Step-by-step solution

(a) Finding the current I in the current loop

First, we need to find the time taken for the electron to make one full orbit. To do that, we use the formula for the circumference of a circle and divide it by the electron's speed: Circumference = \(2\pi r\) where r is the radius of the orbit. Time taken for one revolution, T = Circumference / Speed T = \(\frac{2\pi(53 \times 10^{-12} m)}{2.2 \times 10^6 m/s}\) Now, we'll find the current using the formula: Current, I = \(\frac{Charge}{Time}\) where Charge is the elementary charge of the electron (e = \(1.6 \times 10^{-19} C\)). I = \(\frac{1.6 \times 10^{-19}C}{T}\)

(b) Finding the orbital dipole moment IA

The orbital dipole moment, IA, can be calculated using the current obtained in part (a) and the area of the current loop (the circle formed by the electron's movement).

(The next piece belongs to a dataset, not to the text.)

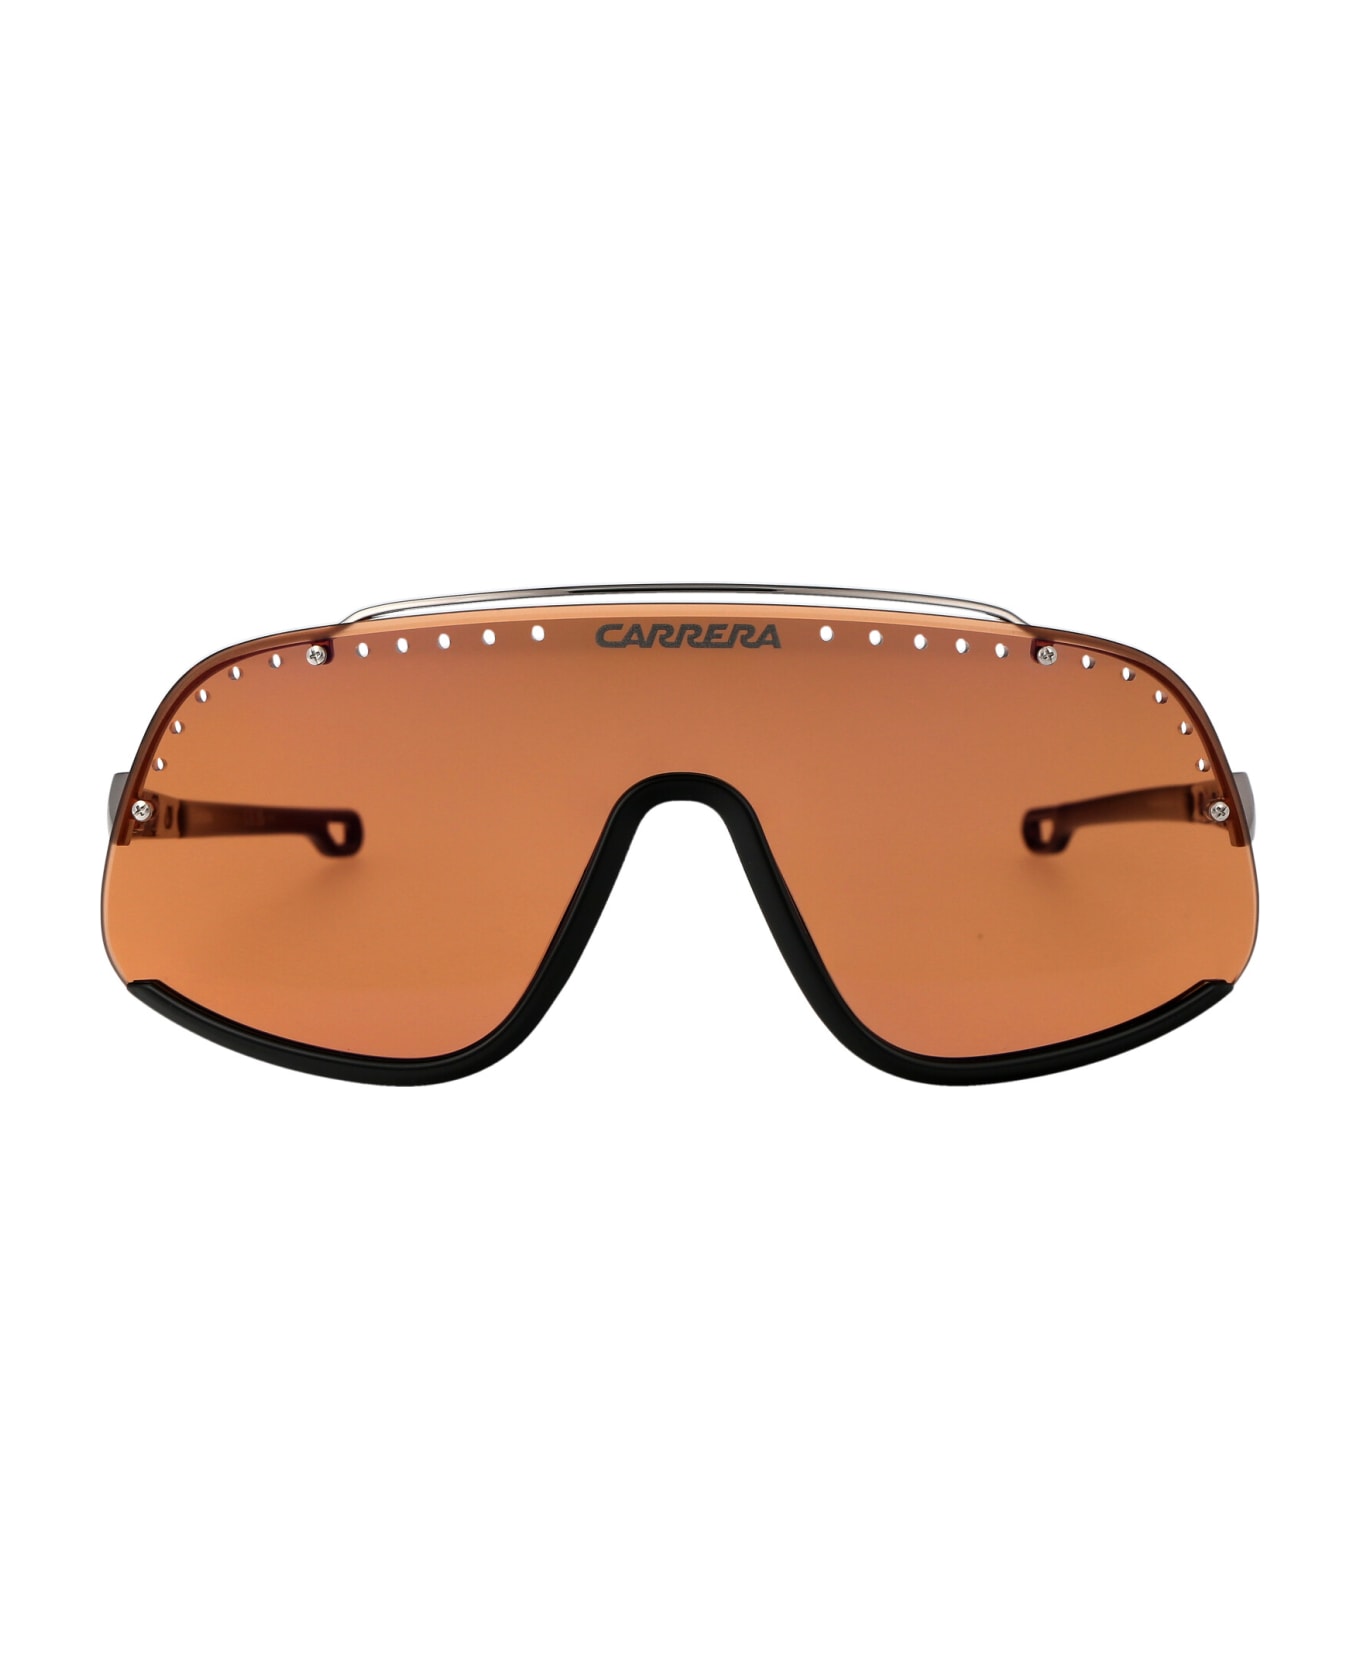 Carrera Flaglab 16 Sunglasses - 8IJDP ORN RUT
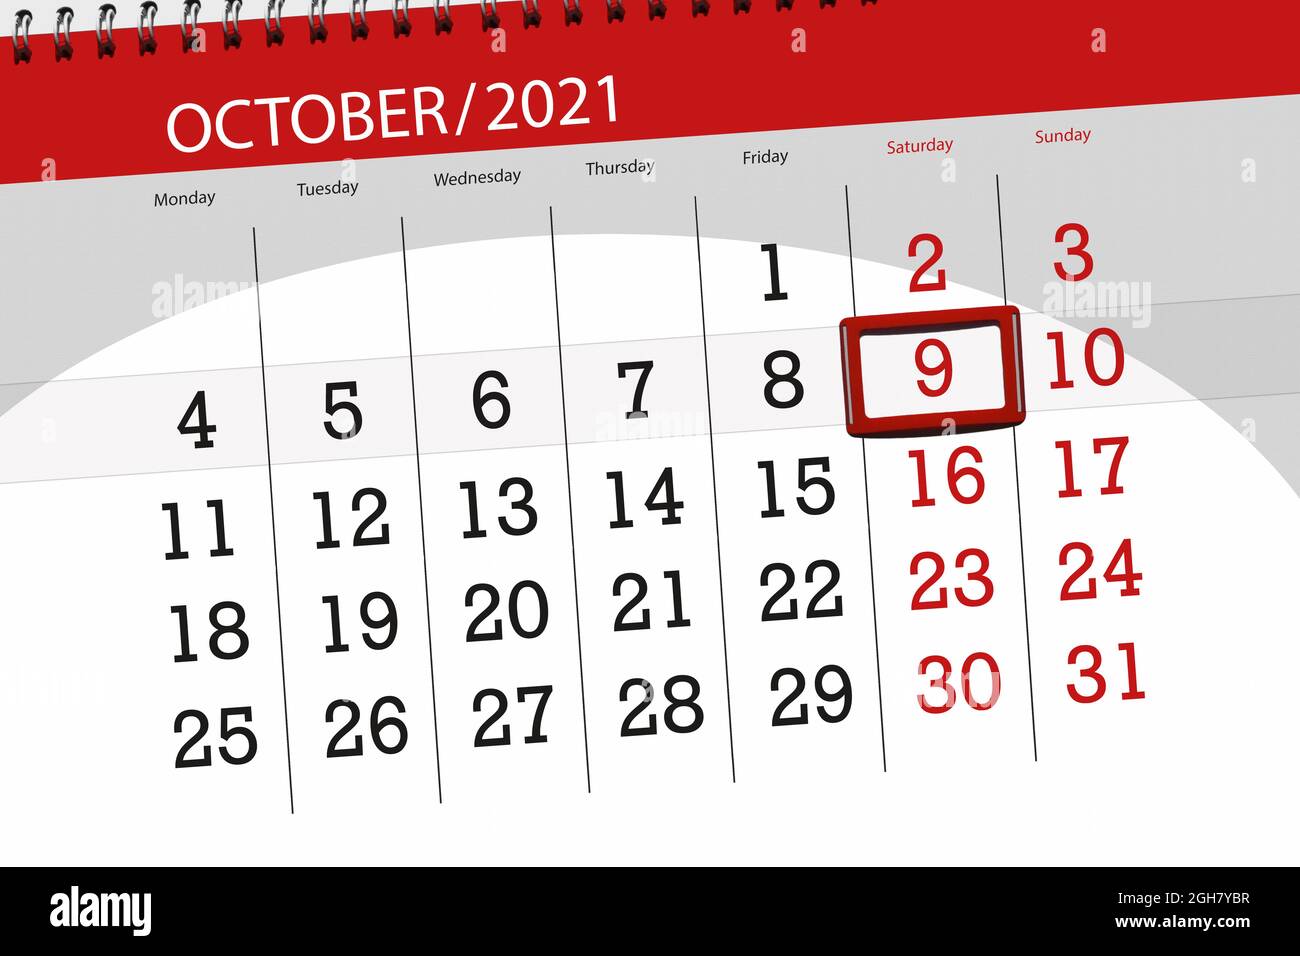 Calendrier du mois octobre 2021, date limite, 9, samedi. Banque D'Images

The formula for the area, A, of a circle is: A = \(\pi r^{2}\) So, the orbital dipole moment is: IA = \(I \times \pi (53 \times 10^{-12})^{2} m^{2}\)

(c) Comparing the orbital dipole moment with the intrinsic magnetic dipole moment of the electron

Now, we simply compare the value of the orbital dipole moment, IA, obtained in part (b) with the given intrinsic magnetic dipole moment of the electron, which is \(9.3 \times 10^{-24} \mathrm{A} \cdot \mathrm{m}^{2}\). This will let us see how the orbital magnetic dipole moment is related to the intrinsic magnetic dipole moment of the electron.